Женя постоял-постоял и пошел к своей кровати.
«Порченый! Женя — порченый! — мелькнуло у Коли, — порченая девочка в Боголюбовом подняла за обедней подол, да прямо в крест о. Глебу!..» — и начинает сам кощунствовать, и хотел бы остановиться, да не может, все новые кощунства осаждают его: он и сам плюет в крест и, Бог знает, что делает с крестом, как та порченая.
— Господи, Господи, — кается Коля, мечется на постели, шепчет, — прости меня: с Ваней Финиковым в алтаре подрался, я садился на престол, и на мехах, кадило раздувая, чертиков рисовал, Никола, угодник Божий, ангел мой Божий, прости меня!
А в ответ Коле как запищат котята, все семь котяток Маруськиных, да так неистово, бабушку с пола подняли.
— Окаянные! треклятые! — застонала бабушка, отдирая от себя вцепившихся и в волосы и в рубашку ошалевших котят, вся вытянулась, костлявая, взлохмаченная, седой, трясущийся хвостик на бородавке загнулся серпом, выпученные, зеленые глаза, не бабушка — злая Баба-Яга.
Коля зажмурился, не дыхнет, не пошевелится: дух вон и лапы кверху. Подушка — огонь горячая. И что-то будто темное огромное плывмя плывет на него, оно вот-вот раздавит, сплющит его маленькое тельце, и душа его вылетит, — конец его Коля скрестил кулачки:
— Ангел мой, Хранитель мой!
Но сон берет свое, тихий сон закрыл ему глаза и успокоил встревоженное сердце и унес испуг, оставив сладкий покой и тишину.
И все затихло, все заснуло наверху в детской.

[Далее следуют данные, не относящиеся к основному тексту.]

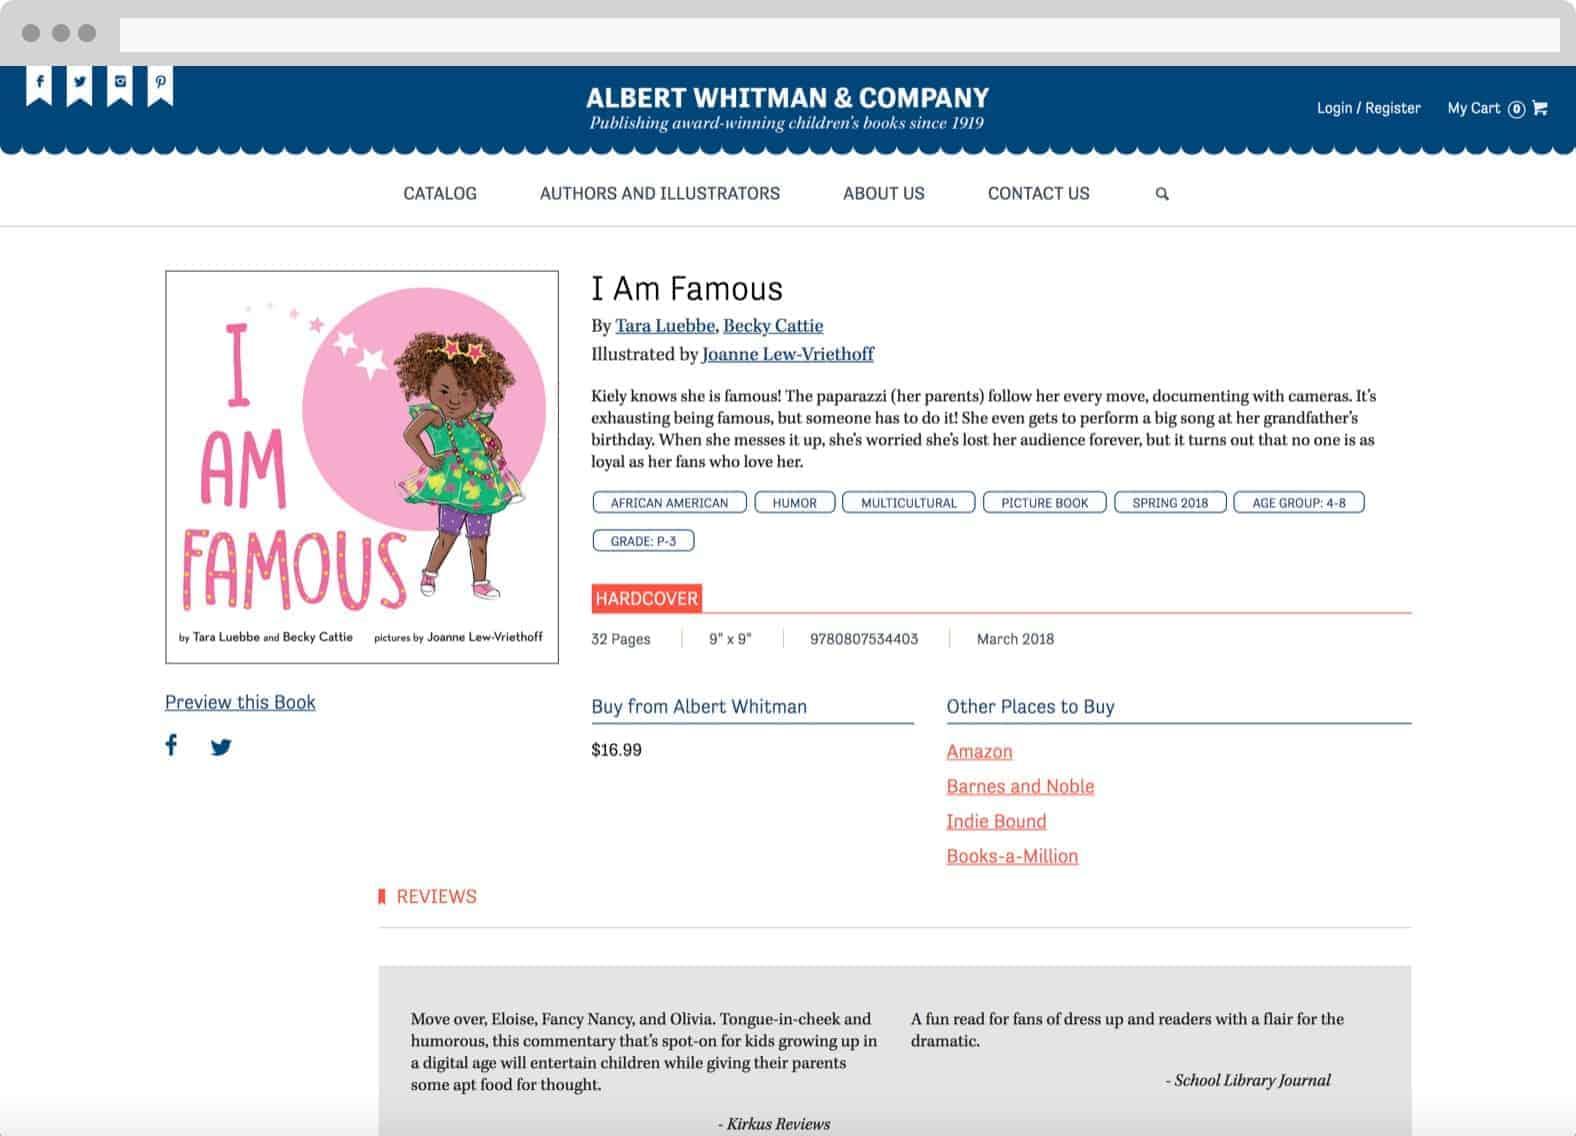 Albert Whitman & Company website

Варенька задула свечку и, шатаясь, повалилась на кровать, так полураздетая, с какими-то подплясывающими назойливыми мыслями, будто заостренными зеленоватыми крестиками в глубине ее воспаленного мозга. Заломила она руки, разметалась. И ослабевшая свинцовая голова ее, и переизнывшее сердце погрузились в чадный сон неминуемых бед и дразнящего хмельного несбыточья: ей так много хочется, так много всяких желаний у ней, и все будто само приходит, приходит готовое исполниться, и сразу сжигается, не утоляя. Если бы ей совсем-совсем никогда и ничего не хотеть!
И в белом Огорелышевском доме пришел тихий час. Там в окне у Арсения вздохнула матово-зеленая лампа и померкла, и зазмеился желтый огонек свечи, поиграл и уполз. Вздрагивая и от утомления и от табаку, оторвавшись, наконец, от дел, которых всегда так много, а часы так кратки, прошел Арсений в спальню, где лежит болезненная жена, состарившаяся, выцветшая и совсем чужая. И ему вспоминается новенькая банковская машинистка в кудряшках, и он дрожит, нечаянно встретив себя в высоком, закачавшемся трюмо. И какая-то горечь пьет сердце. Знает он, что, не делая своих дел, он не может жить, и вся жизнь его в борьбе и победах — он всегда побеждает, но зачем ему эти победы и зачем дела? Для того, чтобы сделать все по-своему, разрушить и построить, расчистить место и построить, как хочется, создать свое по-своему, по-новому, по-другому. И дел так много, и часы так кратки, успеет ли он? И жизнь проходит, и как быстро проходит! А он ее еще уторапливает.